Покидали замок мать и дочь, полные надежд, прекрасным солнечным утром. Было лето, и море было спокойно. Большое рыбацкое судно доставило их в Дюнкерк, откуда они перебрались в Льеж, в те времена независимое княжество, отсюда Мария вопреки здравому смыслу надеялась возобновить переписку с королевой. Она написала одно за другим три письма. В ответ – ничего. Более того, Мария заметила, что за их домом установлена слежка.
– Мы не можем тут жить, матушка, – сказала ей однажды Шарлотта. – Здесь мы такие же заключенные, как и в Уайте, с той лишь разницей, что здесь мы рискуем быть схваченными агентами кардинала и никто не придет нам на помощь. А герцог, должно быть, думает, что, оказав кардиналу подобную услугу, сможет помахать ручкой своим неприятностям.
Даже если кардиналу и не было до них дела, нельзя было полагаться лишь на счастливый случай. Как бы там ни было, но благодаря посредничеству все того же посла Испания протянула ей, как одной из последних изгнанниц, свою руку.

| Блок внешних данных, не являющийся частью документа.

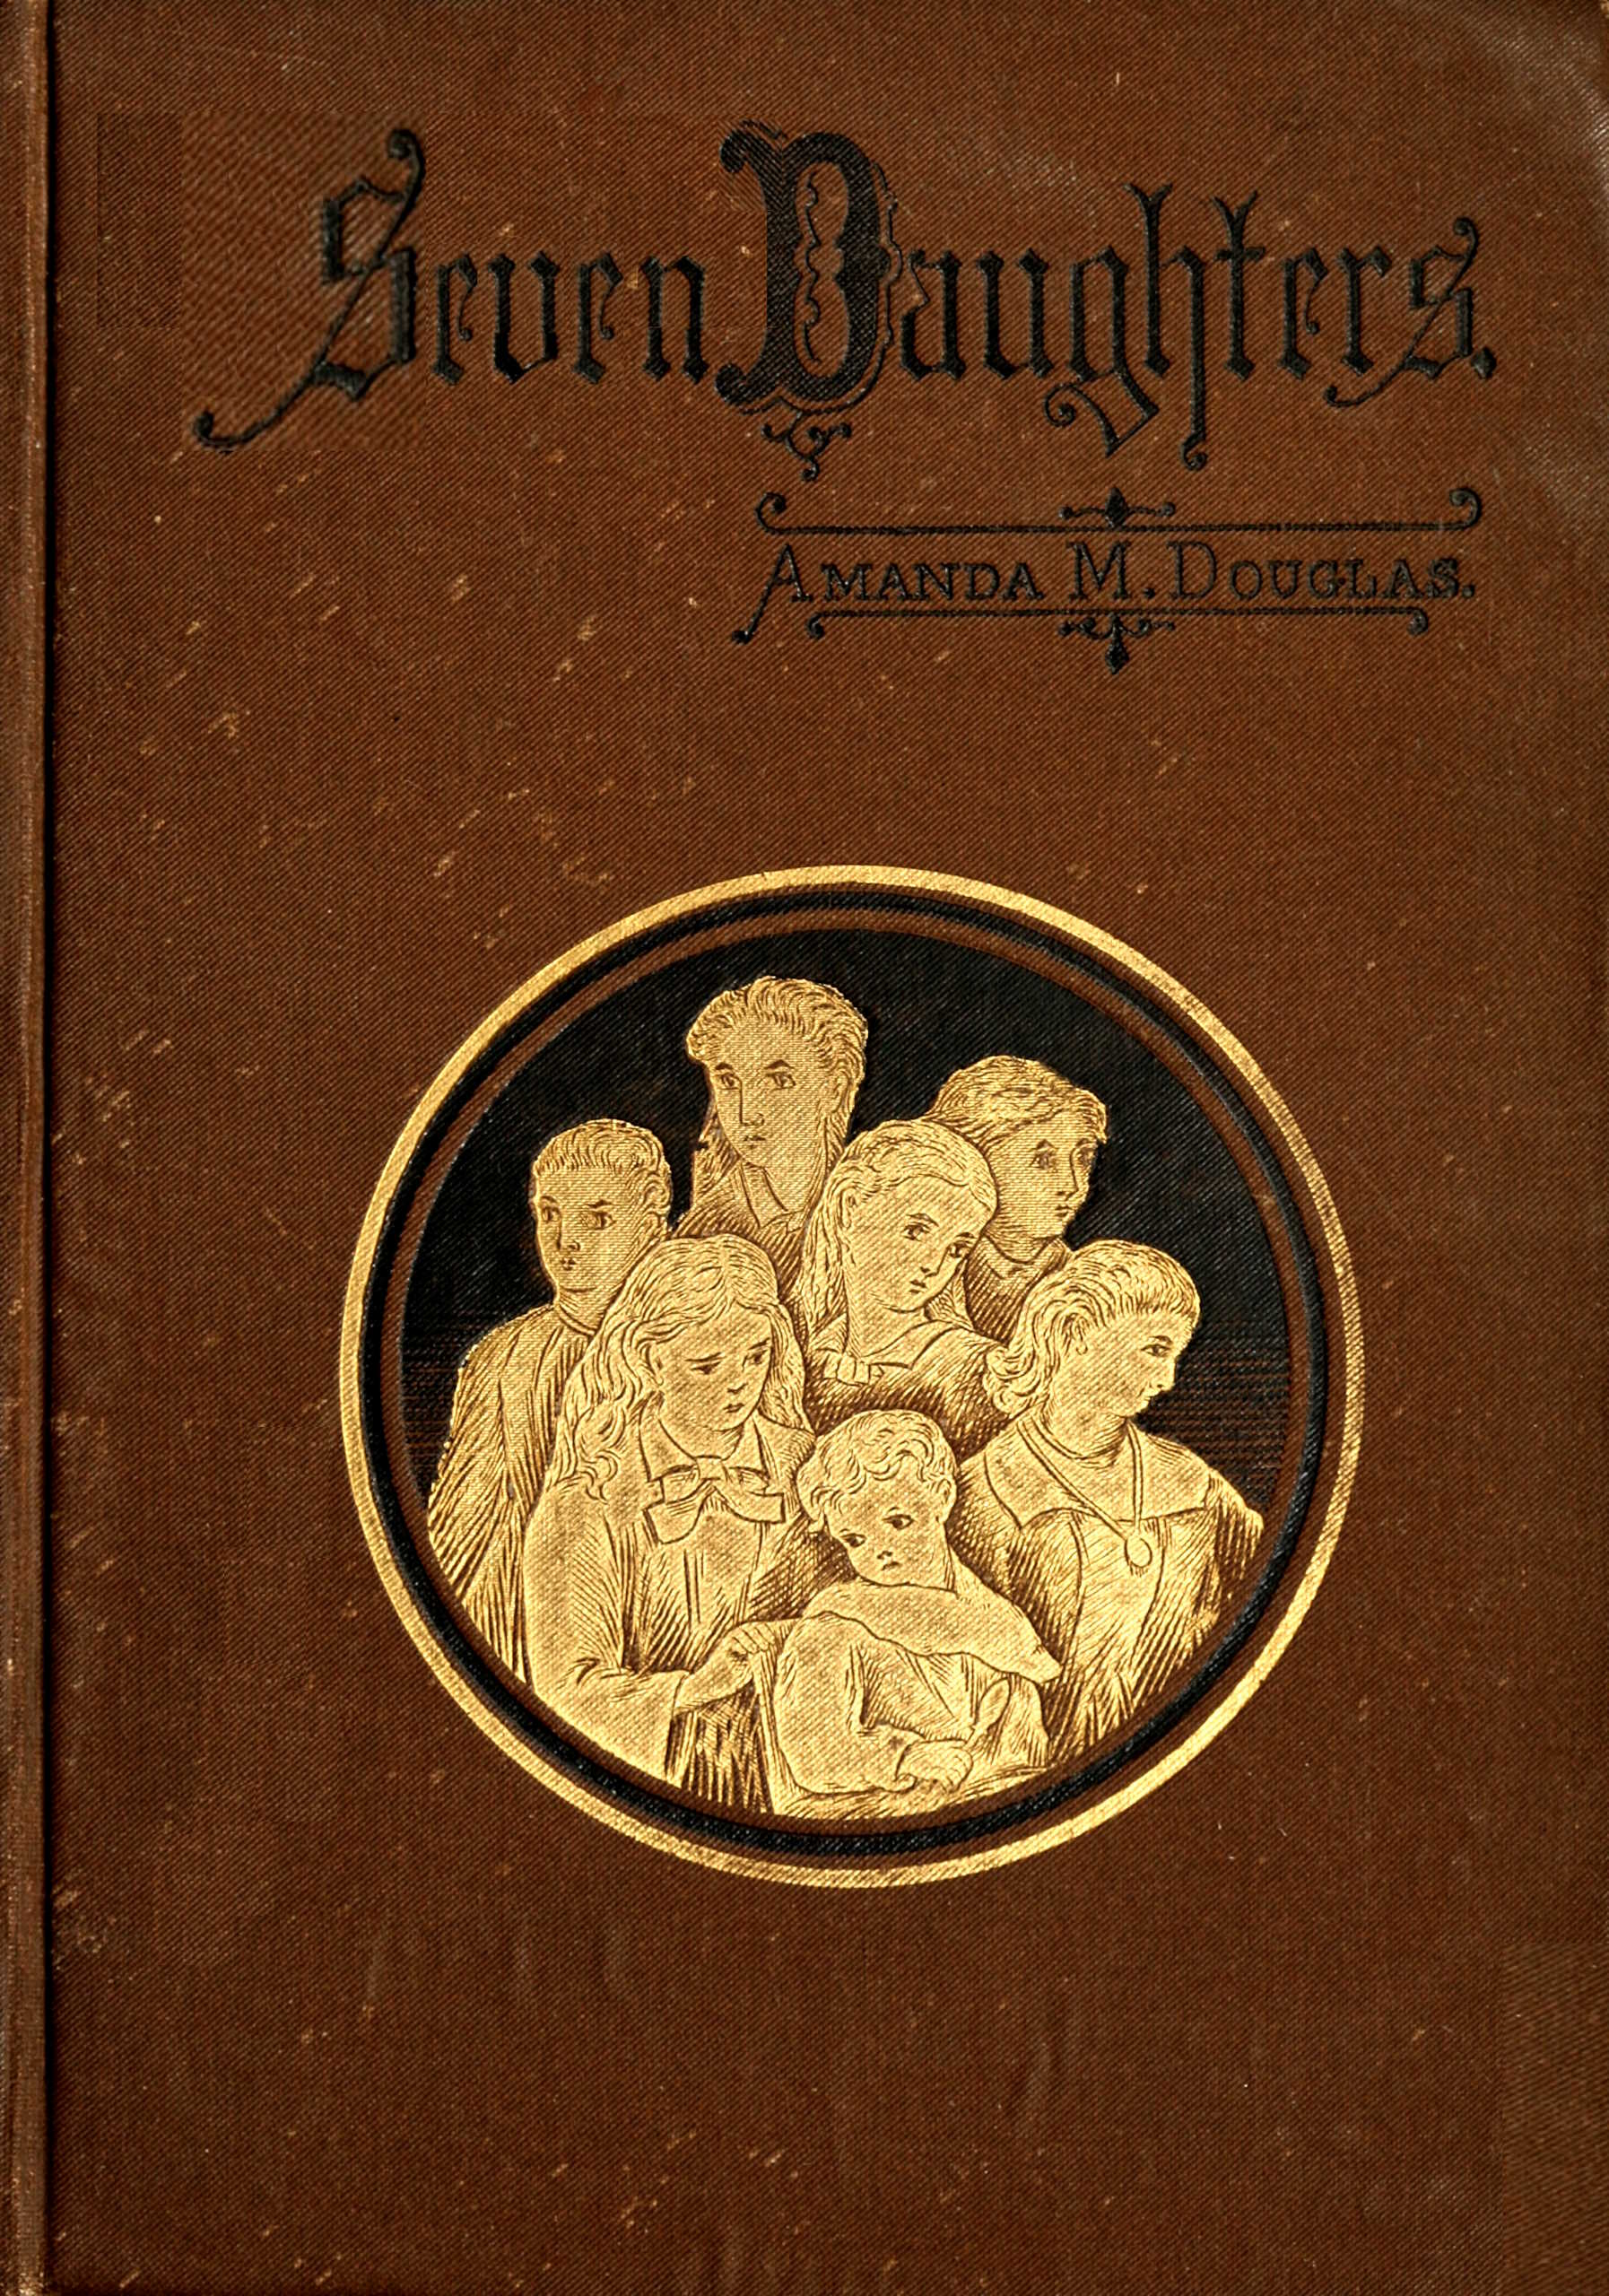 Seven Daughters   Project Gutenberg

Успокоенная Мария отправилась в Брюссель. Поселилась она в том же доме около Гранд-Пляс, в ее честь был дан изящный прием у эрцгерцога Леопольда, бывшего тогда наместником Нидерландов. Мария встретилась снова с некоторыми из прежде обретенных здесь друзей, но очень скоро поняла, что город стал совсем иным: висевшая над ним долгие годы, которым не было видно конца, тяжкая атмосфера постоянных войн и распрей, как и продолжавшееся испанское владычество, сделала его закрытым и тоскливым. Принц Конде совсем недавно одержал в Баварии победу под Нердлингеном, и его войска шли на Фландрию. Многие семьи подсчитывали своих убитых.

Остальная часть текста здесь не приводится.